• _TASK DIRECTIONS_: Exclude the pictures. Transcribe exactly, and only, the lines from the one holding "Anh Hoa sen" to the end of the material below.

• _DATA PROVIDED_:
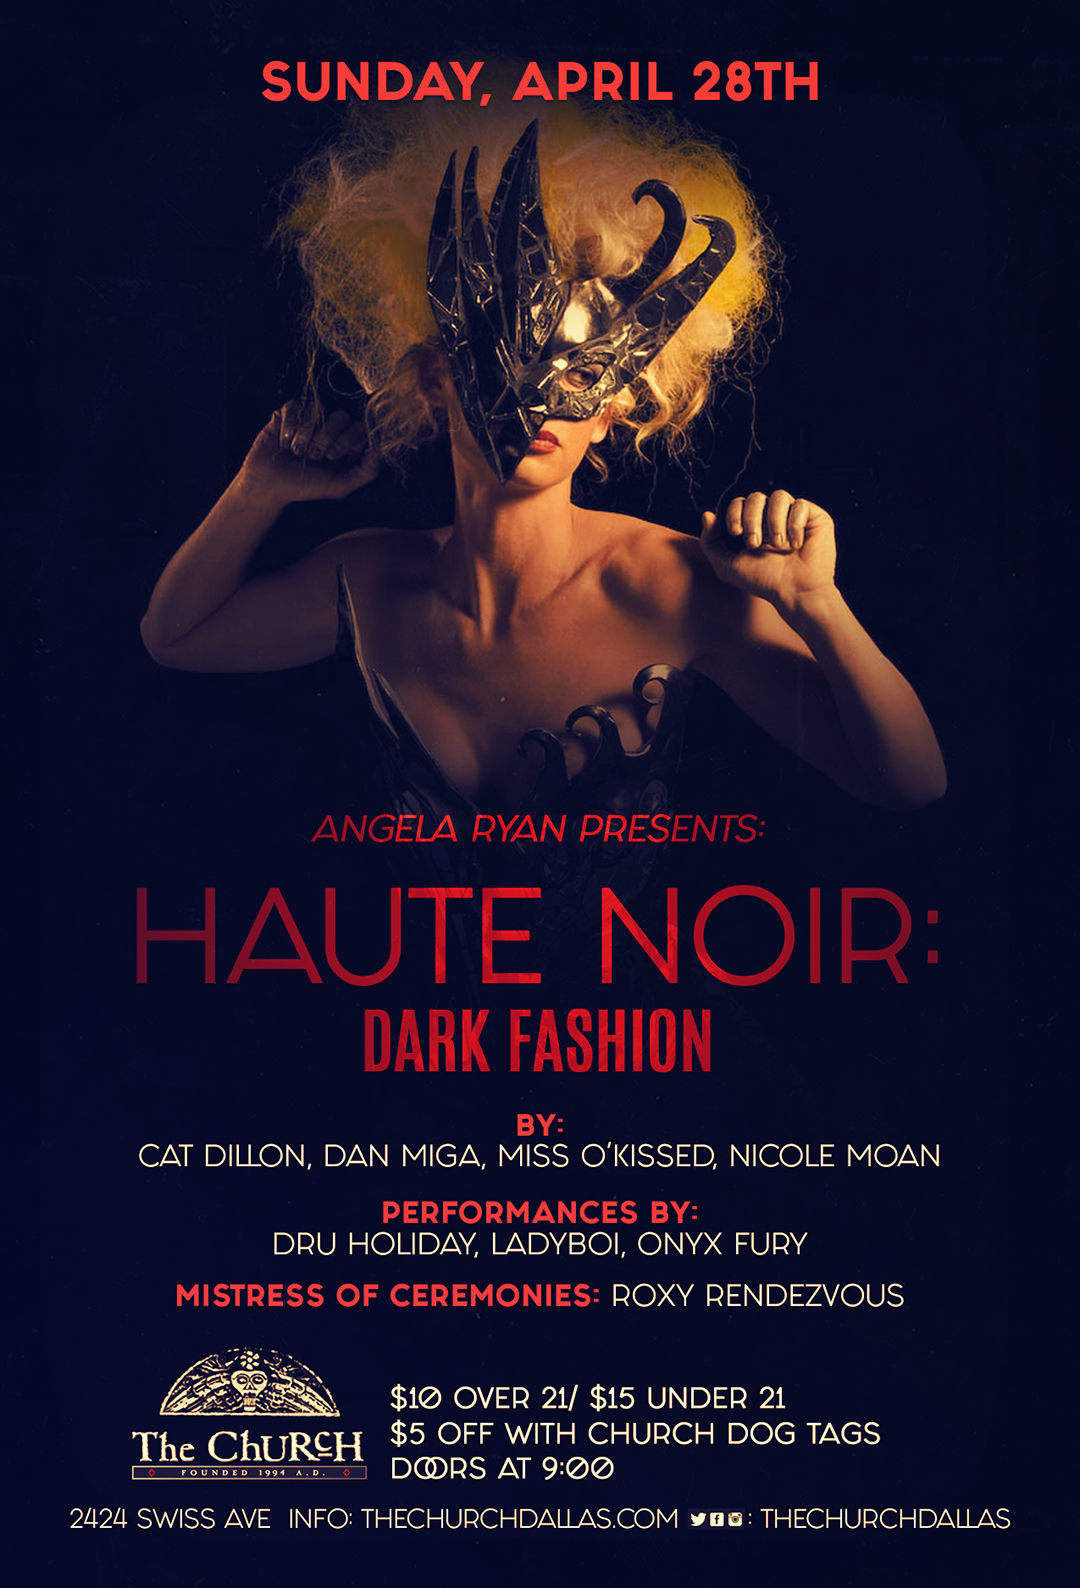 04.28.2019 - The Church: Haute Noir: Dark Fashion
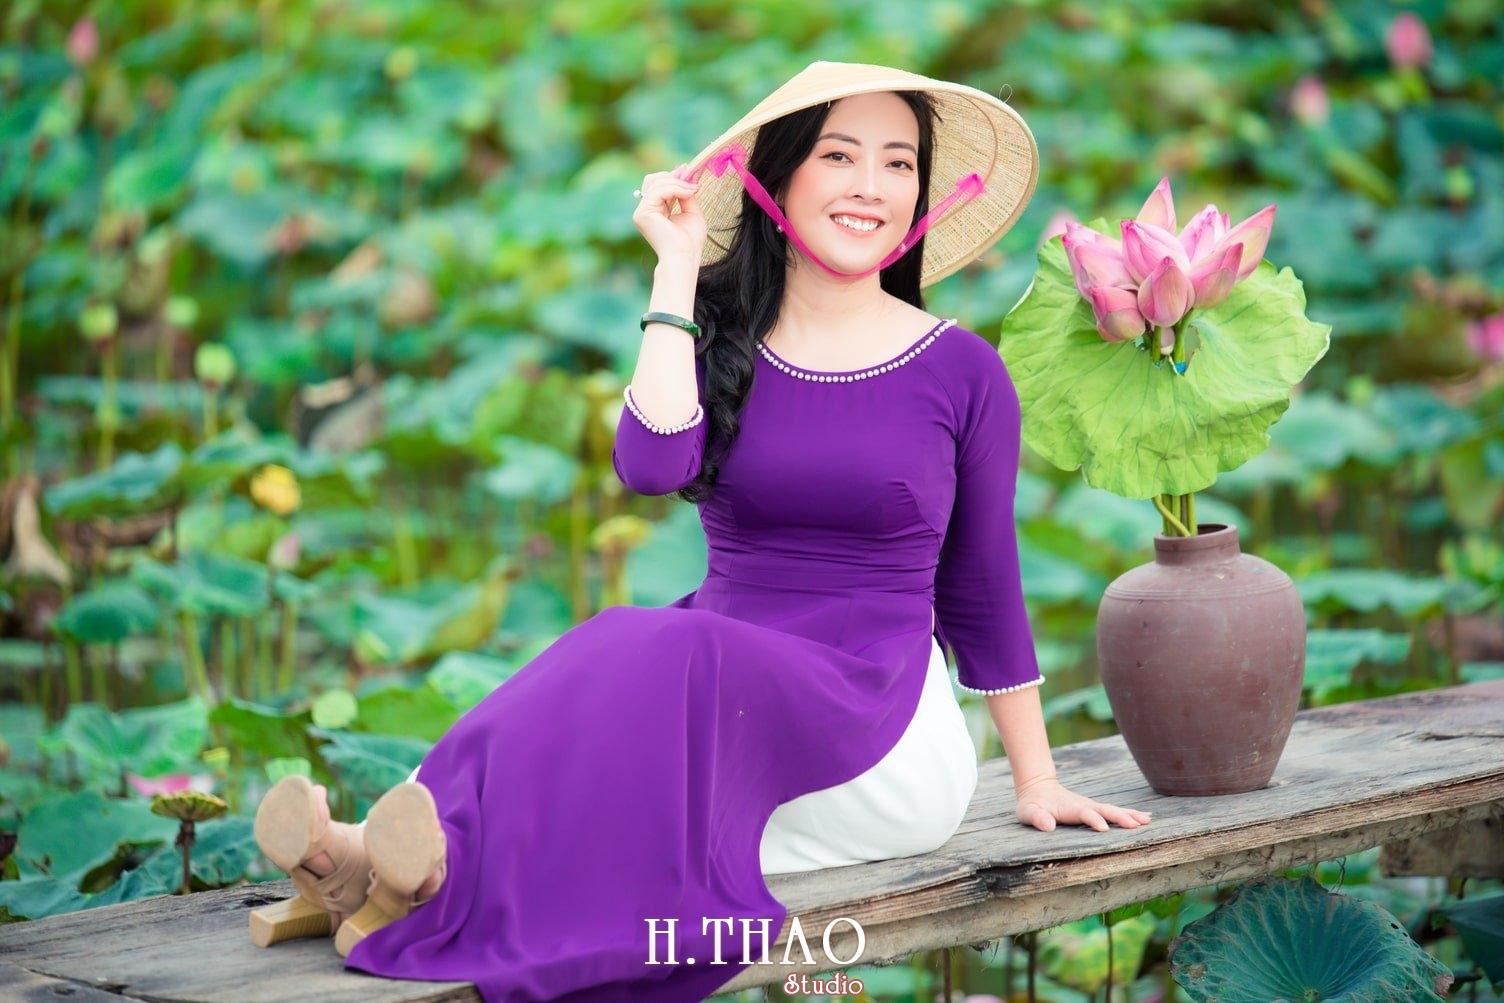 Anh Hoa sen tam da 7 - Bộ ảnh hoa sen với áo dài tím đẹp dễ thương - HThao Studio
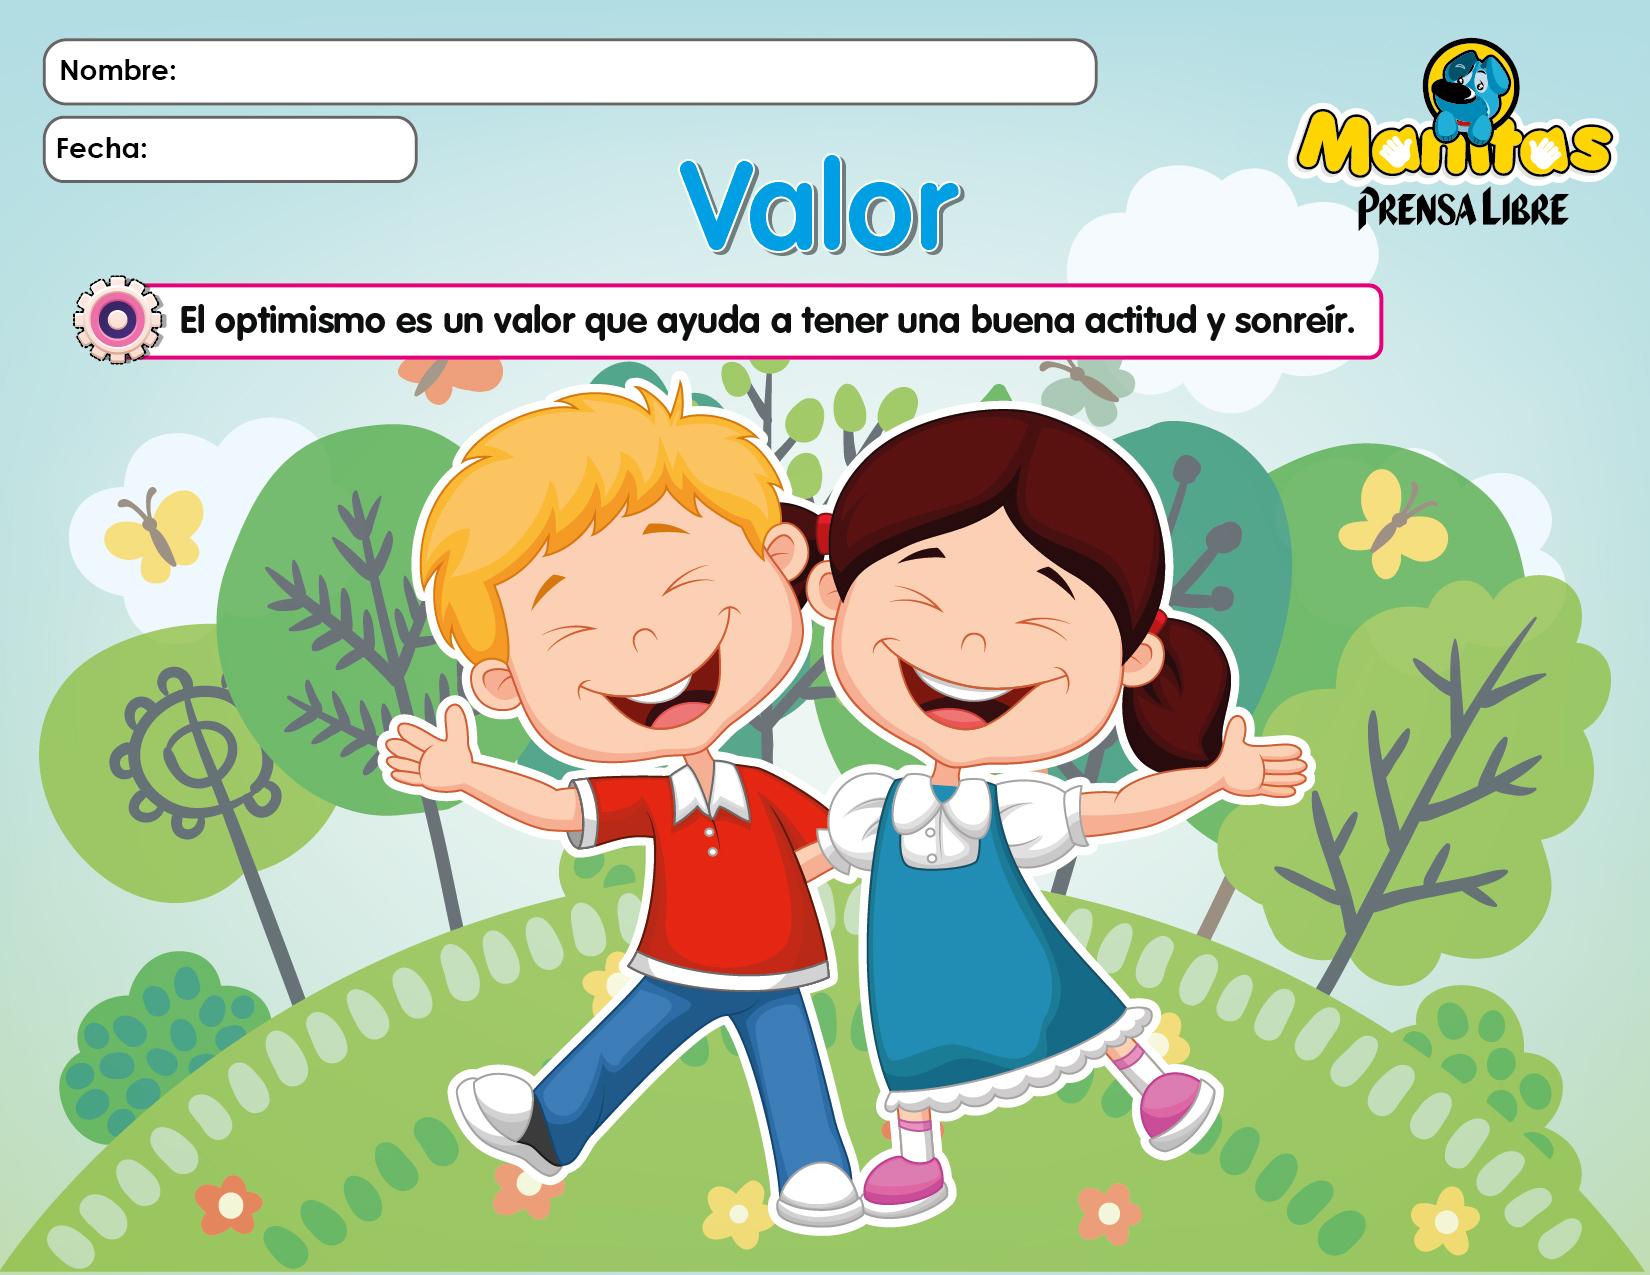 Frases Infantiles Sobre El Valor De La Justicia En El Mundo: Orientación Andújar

• _ANSWER SPACE_:
 Anh Hoa sen tam da 7 - Bộ ảnh hoa sen với áo dài tím đẹp dễ thương - HThao Studio
 Frases Infantiles Sobre El Valor De La Justicia En El Mundo: Orientación Andújar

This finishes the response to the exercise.